4 minute read
Karen L. Newman
Yellow Mountain
Karen L. Newman
Advertisement
As the chill of winter began to lift and the Chinese national holiday approached, my Polish colleague, Maria, and I decided it was finally time for a trip to Yellow Mountain, the fabled pilgrimage spot in neighboring Anhui Province, where artists of past centuries went for inspiration to create the iconic scroll paintings one typically associates with classical Chinese painting﹘the craggy peaks shrouded in mist and lone pine trees clinging tenuously to the sides of sheer cliff faces.
Maria and I were both determined to have the most authentic experiences we possibly could in China, so we agreed that, rather than spending money for a ticket on a luxurious, high-speed train to our destination or booking a comfortable hotel room, we would instead hitchhike to Yellow Mountain and camp in the thirty-dollar tent I’d recently purchased at Ningbo’s Decathlon megastore, where China’s up-and-coming middle classes were outfitting themselves to partake in the newly-discovered joys of outdoor leisure and adventure activities that had been denied to them until the recent past.
On our appointed travel day, I waited for Maria downstairs near the entrance area of our apartment building, in between an abandoned couch, discarded clothing and household equipment, and pieces of broken metal﹘the general detritus of urban living that perpetually littered the landscape of our neighborhood. With backpacks in tow and snacks and drinks to tide us over for the unknowns of the day’s trip that lay ahead, we planned our strategy. One of us had fashioned a makeshift sign from the flap of a cardboard box bearing the Chinese characters “Huang Shan,” or Yellow Mountain, and with the sign to herald our destination, we felt ready for whatever adventure the fates
might have in store for us that day. We first made a quick stop at our neighborhood fruit stand﹘a one-room shop run by a family consisting of mother, father, son, and grandfather, who all cooked and slept in a makeshift room at the back of the store﹘ to stock up on a few tangerines and bananas for the trip. Maria had received directions from a Chinese colleague about the best spot to hitchhike from in town, namely, the entrance ramp to a highway toll plaza where we could most likely catch a ride from someone heading northwest, so we flagged down a taxi and directed the driver to deposit us there. After disembarking from the taxi and walking for a block or two, we realized that something wasn’t quite right; despite the GPS maps our phones displayed to us, we couldn’t locate the toll plaza that should have been right there in front of us. We walked back and forth and determined that﹘as was so common in a country single-mindedly driven to reinvent itself and lift itself from the muck of five millennia of rice paddies, a country that constructed new buildings and roads seemingly overnight﹘the toll-plaza had been closed, the entrance ramp blocked off, and the highway rerouted. There was no way for us to find a ride here, and so, since we were close to a line on Ningbo’s sparkling, new subway system, we decided to take a train to one of its last terminals on the edge of town, where we knew a few newly constructed highways to converge.

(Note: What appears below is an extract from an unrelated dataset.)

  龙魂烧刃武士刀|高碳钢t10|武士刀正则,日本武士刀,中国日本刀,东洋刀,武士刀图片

As the warmth of the day descended upon us, Maria and I found ourselves standing on a road frequented by long-distance truckers, and we waved our cardboard sign with the large, black characters at passing vehicles. Soon enough, our enthusiasm began to wane as drivers gave us two foreign women puzzled looks, or waved, or sped on without giving us a second thought.

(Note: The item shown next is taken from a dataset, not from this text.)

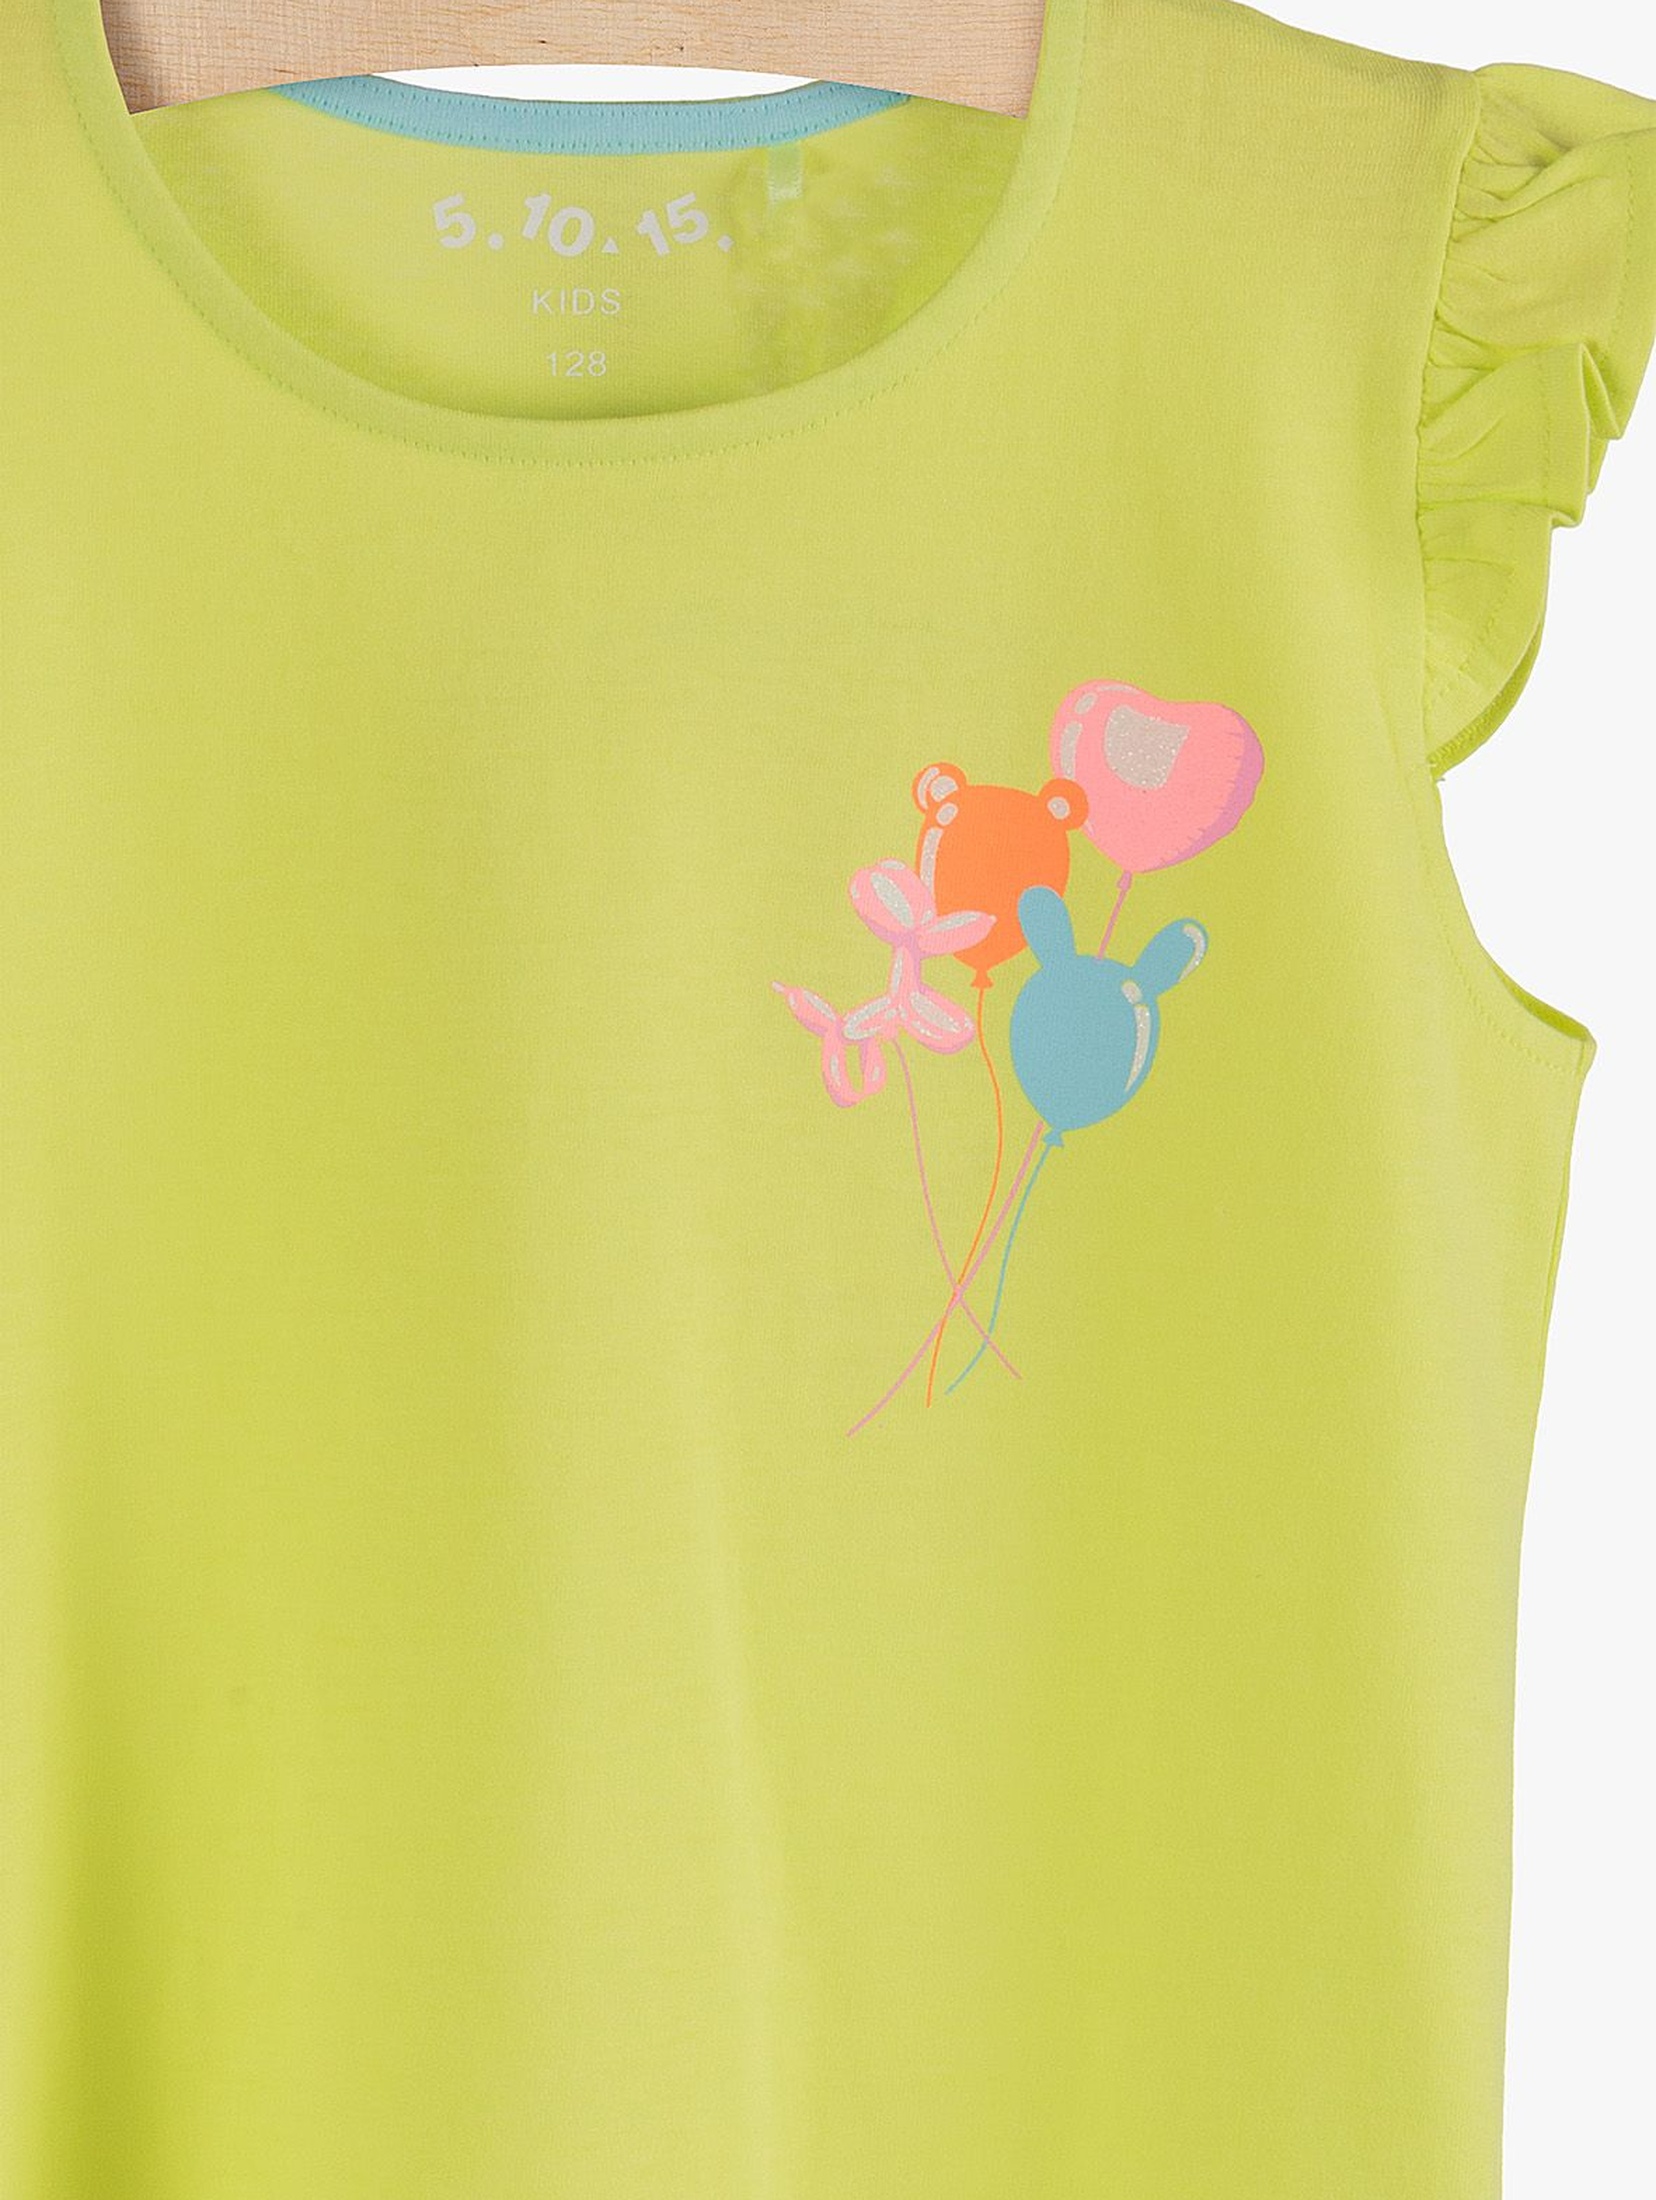 Bawełniany t-shirt dla dziewczynki- kolorowy nadruk

A trucker and his wife, who clung to his arm in the front seat of their cab and who both appeared to be from the mountainous regions of southern China, stared intently at us as they motored past, multiple good luck charms hanging from their
rear-view mirror to sanctify their homeward journey of two thousand miles or more. Nobody stopped, save for a young man on a scooter who stared intently at us and asked us what we were doing, as if it weren’t patently obvious. Perhaps he wished he could tear himself away from the obligations of big-city life like we were about to; perhaps he just couldn’t stop gazing at the novelty of two strange, vagabond women standing on the side of the road with backpacks, a bundled tent, and a homemade sign.

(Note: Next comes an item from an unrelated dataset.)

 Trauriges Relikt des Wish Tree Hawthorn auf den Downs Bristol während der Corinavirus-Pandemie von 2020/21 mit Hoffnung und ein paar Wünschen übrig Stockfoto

As the minutes turned into an hour, then two, we soon realized that this hitchhiking locale would be fruitless, so we returned to our own district of town where I knew for certain a busy a toll plaza to be, as it was the toll plaza my driver took each time I arrived in Ningbo for the semester and returned to four months later, when it was time for me to depart again for the Shanghai airport. Back Maria and I went, by subway train and bus, and three hours later we found ourselves standing about a mile and a half from where we had initially begun our journey. Dispirited, we lingered at the highway entrance ramp, half-heartedly waving our sign, and within minutes of our arrival, it began to rain. We hurriedly raised our umbrellas, the ever-present protection we carried against the ubiquitous, pop-up springtime rainstorms, and just as we were about to ask ourselves if it was really worth it to stand in what might soon become a deluge﹘in the middle of a Chinese megacity, on a highway entrance ramp, looking to hitch a ride with a homemade cardboard sign whose ink was starting to run﹘a newer-model BMW pulled over, and the young driver motioned us in, inviting us to join him on his two-hour journey to Hangzhou, which, while not our final aim, would at least get us halfway to our legendary destination.